Randall, David L., et al. "Bingo: a customizable framework for symbolic regression with genetic programming." Proceedings of the Genetic and Evolutionary Computation Conference Companion. 2022.

### Bibtex:

```latex

@inproceedings{randall2022bingo,

  title={Bingo: a customizable framework for symbolic regression with genetic programming},

  author={Randall, David L and Townsend, Tyler S and Hochhalter, Jacob D and Bomarito, Geoffrey F},

  booktitle={Proceedings of the Genetic and Evolutionary Computation Conference Companion},

  pages={2282--2288},

  year={2022}

}

```

# Versioning

We use [SemVer](http://semver.org/) for versioning.
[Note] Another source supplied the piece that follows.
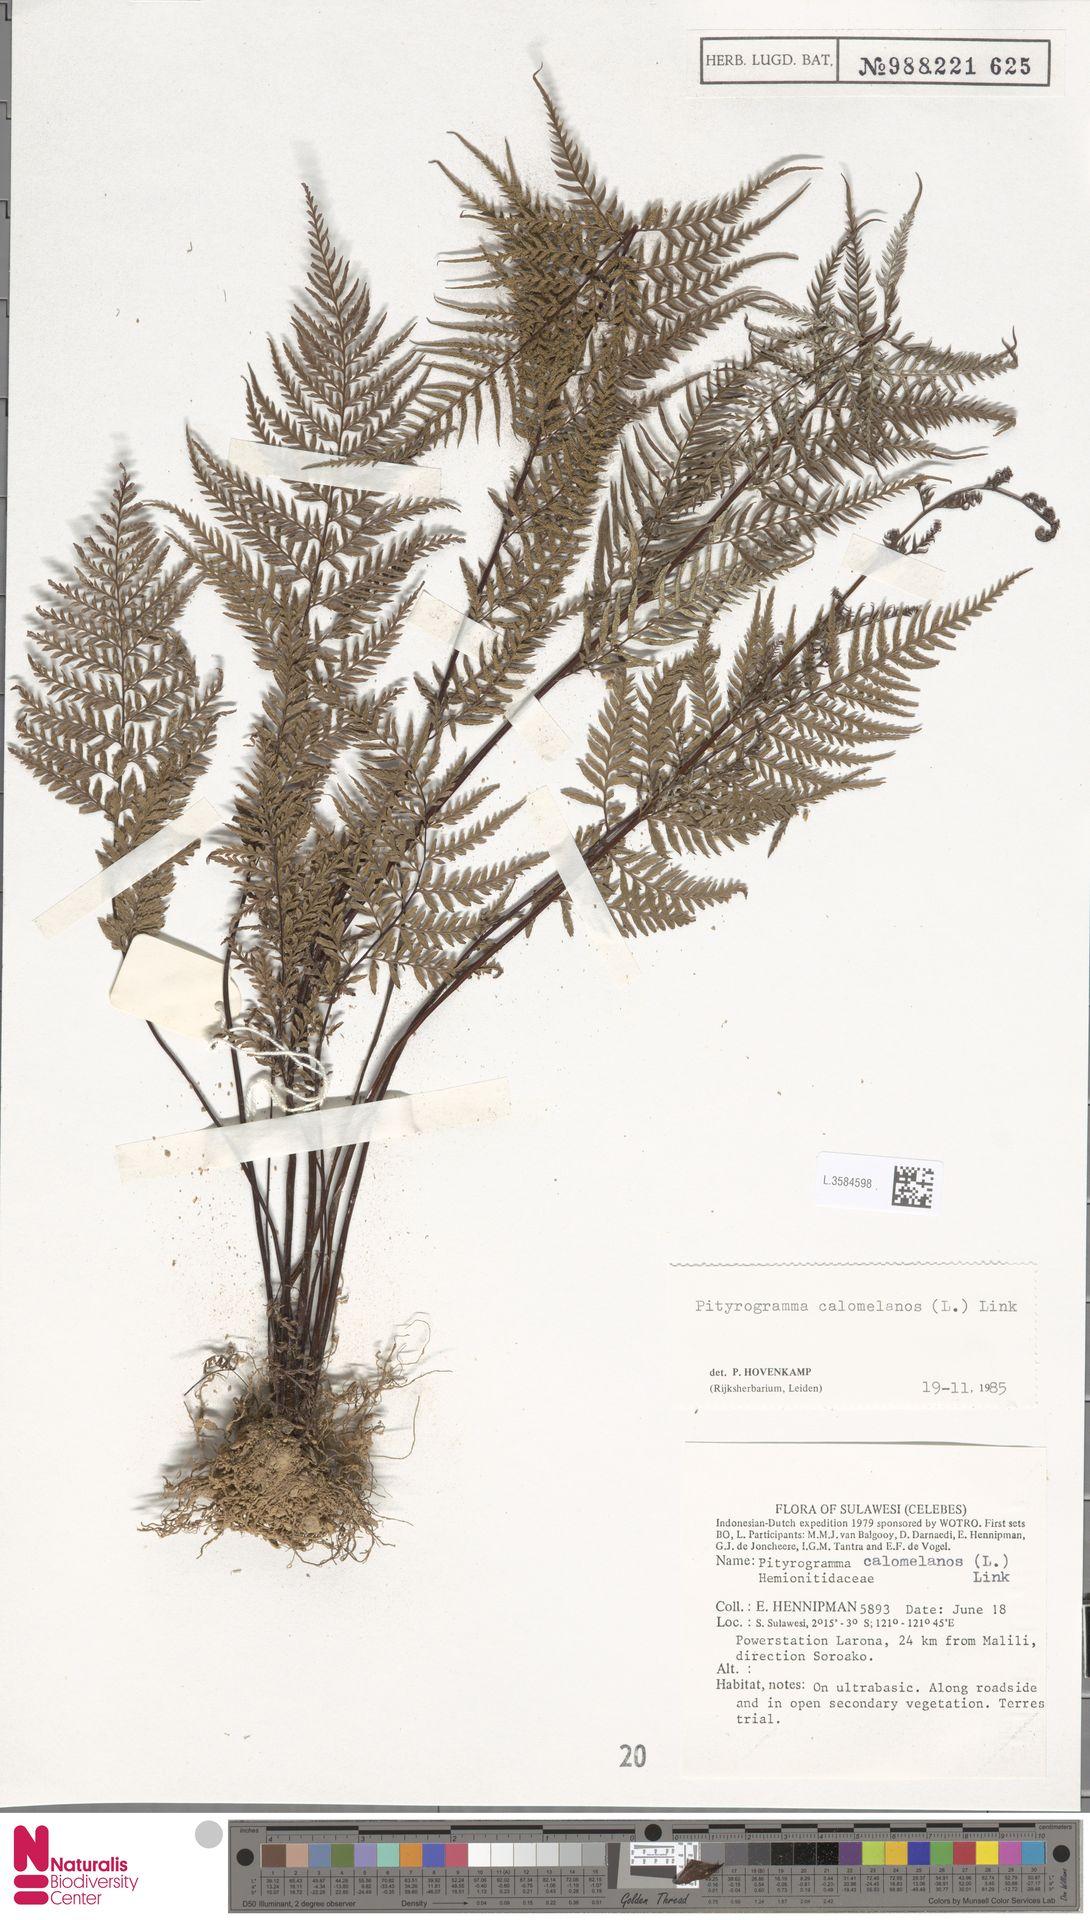 L.3584598 | Pityrogramma calomelanos (L.) Link

For the versions available, 

see the [tags on this repository](https://github.com/nasa/bingo/tags). 

# Authors

*   Geoffrey Bomarito

*   Tyler Townsend

*   Jacob Hochhalter

*   David Randall

*   Ethan Adams

*   Kathryn Esham

*   Diana Vera

  

# License 

Copyright 2018 United States Government as represented by the Administrator of 

the National Aeronautics and Space Administration. No copyright is claimed in 

the United States under Title 17, U.S. Code. All Other Rights Reserved.

The Bingo Mini-app framework is licensed under the Apache License, Version 2.0 

(the "License"); you may not use this application except in compliance with the 

License. You may obtain a copy of the License at 

http://www.apache.org/licenses/LICENSE-2.0 .

Unless required by applicable law or agreed to in writing, software distributed 

under the License is distributed on an "AS IS" BASIS, WITHOUT WARRANTIES OR 

CONDITIONS OF ANY KIND, either express or implied. See the License for the 

specific language governing permissions and limitations under the License.